Aetiology

Below is a review the main hypotheses from recent years.

1.      The viral hypothesis

No evidence has been found today to suggest a viral origin.

2.      The hypothesis of a nutritional origin

The hypothesis of an outbreak of atypical myopathy linked to a nutritional problem (lack of vitamin E and selenium) was examined because of some clinical similarities. This hypothesis is unlikely as a primary cause but it cannot be excluded that a specific metabolic disorder can result from the synergistic action of a toxin and a nutritional deficiency.

3.      The hypothesis of the presence of a toxin

Antibiotic ionophores poisoning due to accidental ingestion of other animals species food is a potential cause of acute myopathy offering many similarities with atypical myopathy. The confirmed cases study in Belgium has ruled out this potential cause. However, the hypothesis of poisoning by ingestion of ionophores due to Streptomyces spp. (A soil bacterium) in the environment cannot be ruled out. The hypothesis is supported by similarities between clinical signs, biochemical changes, as well as necropsies and histological observations of atypical myopathy and ionophores poisoning.

The ionophore antibiotics (monensin, salinomycin, lasalocid, the nasarine, maduramycin and diclazuril, as well as nicarbazin metabolites such as halofuginone, robenidine and dinitrocarbanilide) were looked for in samples of plants selected out of meadows where ant at the time cases of atypical myopathy occurred and  in gastrointestinal contents, feces and muscle samples of confirmed cases. The analysis did not show evidence of the ionophore antibiotics presence.

4.      The  Clostridium sordellii hypothesis

Bacillus sporogenes oedematous, isolated in 1922 by Sordelli when studying a case of gangrene, has been known as Bacillus Sordelli then Clostridium sordellii since 1927. The bacterium was first identified in 1956 by Brookes and collaborator in a suddenly dead sheep in Devon. Autopsies performed on many unexpectedly dead sheep in 1982, revealed the presence of Clostridium sordellii associated with other pathogens.

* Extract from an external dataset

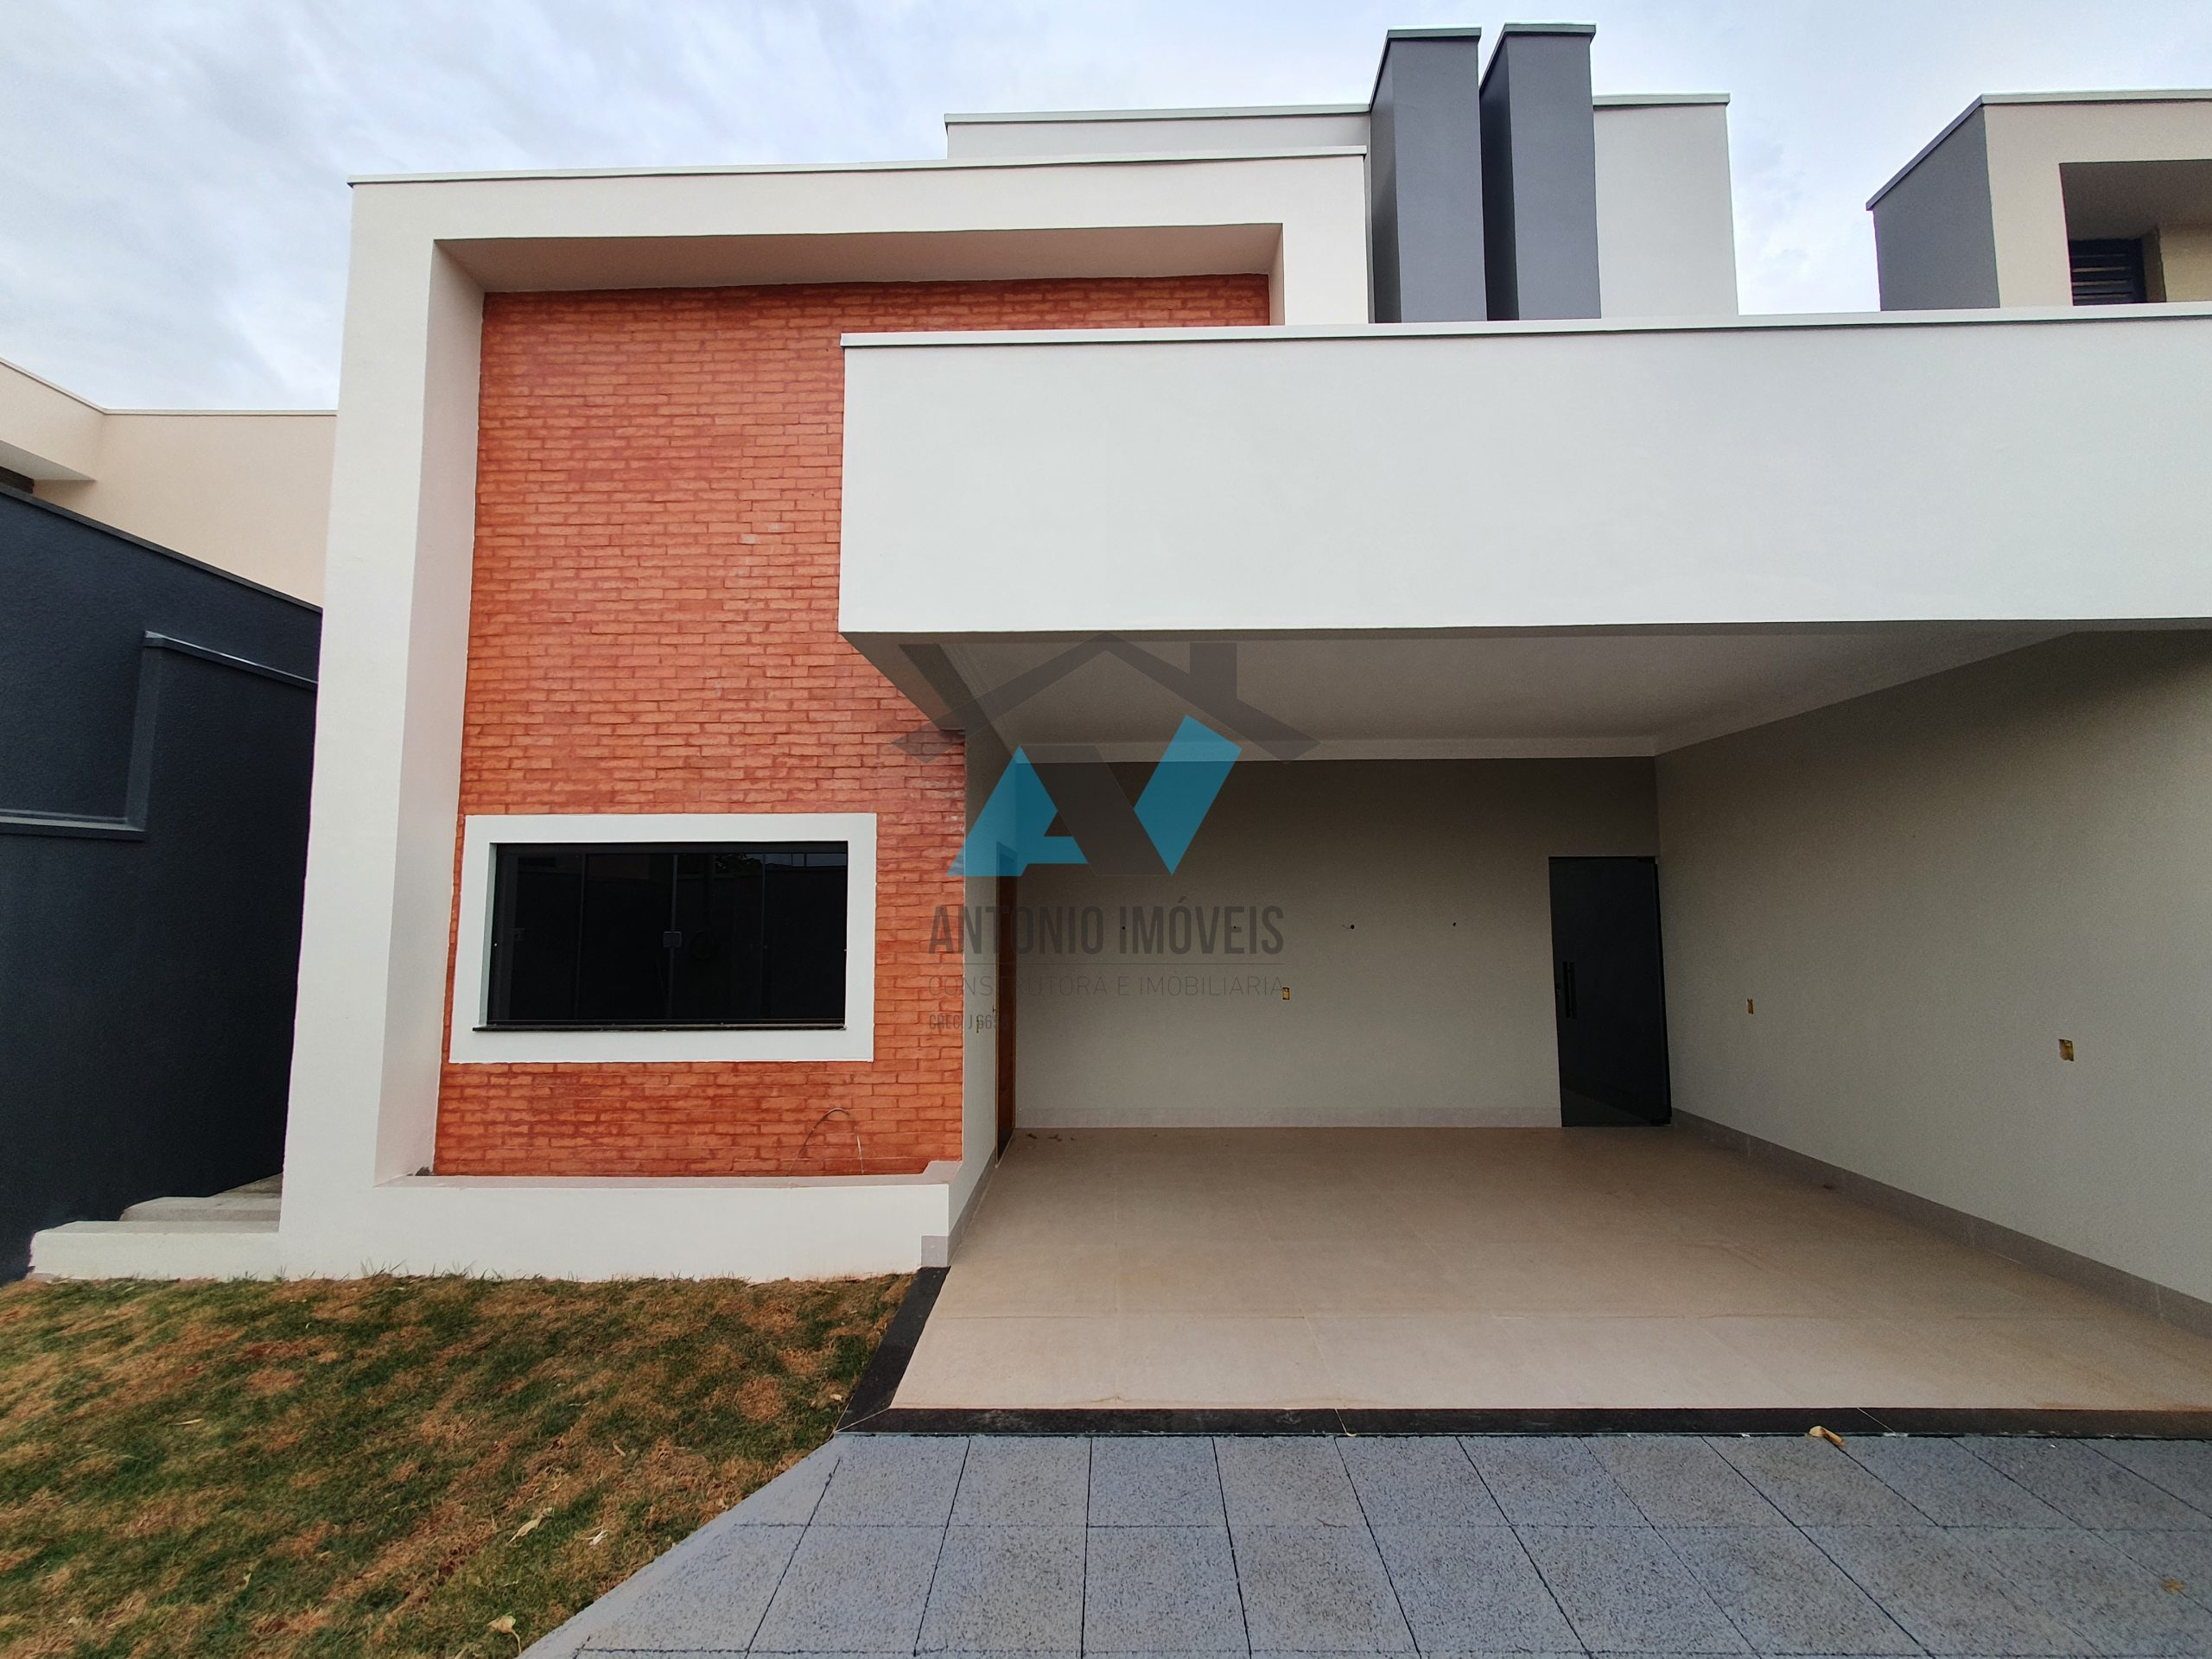 Cod. 073 – Casa no bairro Buritis 4 pronta

The nature of muscular changes observed and the usual presence of Clostridium sordellii in the environments led to consider the hypothesis of its role as a causal factor of atypical myopathy.

Latest works published in 2010 in “Veterinary Microbiology” favor the idea of Clostridium sordellii as a factor responsible for the pathology (Lethal toxin of Sordello Clostidium  is associated with equine atypical myopathy fatal. Unger-Torroledoet al., 2010).

Considering the presence of Clostridium sordellii in the material collected in the intestine of horses with atypical myopathy and comparative studies of changes in muscles of horses dead from the disease with those obtained by inoculating the toxin in mice, University of Berne researchers focused on search of the toxin into the horses muscles.

An analysis of muscle tissues of horses having died of atypical myopathy has shown the presence of the toxin, but does not demonstrate with certainty a cause-effect relationship between the presence of the toxin and an onset of the disease.

         All the various hypotheses studied up to now consider as essential the role of specific environmental conditions for the organisation ( development ) of the pathogen system. Data collection based on the “epidemiological” questionnaires for owners as well as the ones dedicated to veterinarians is essential in this context, in order to gather as many information as possible.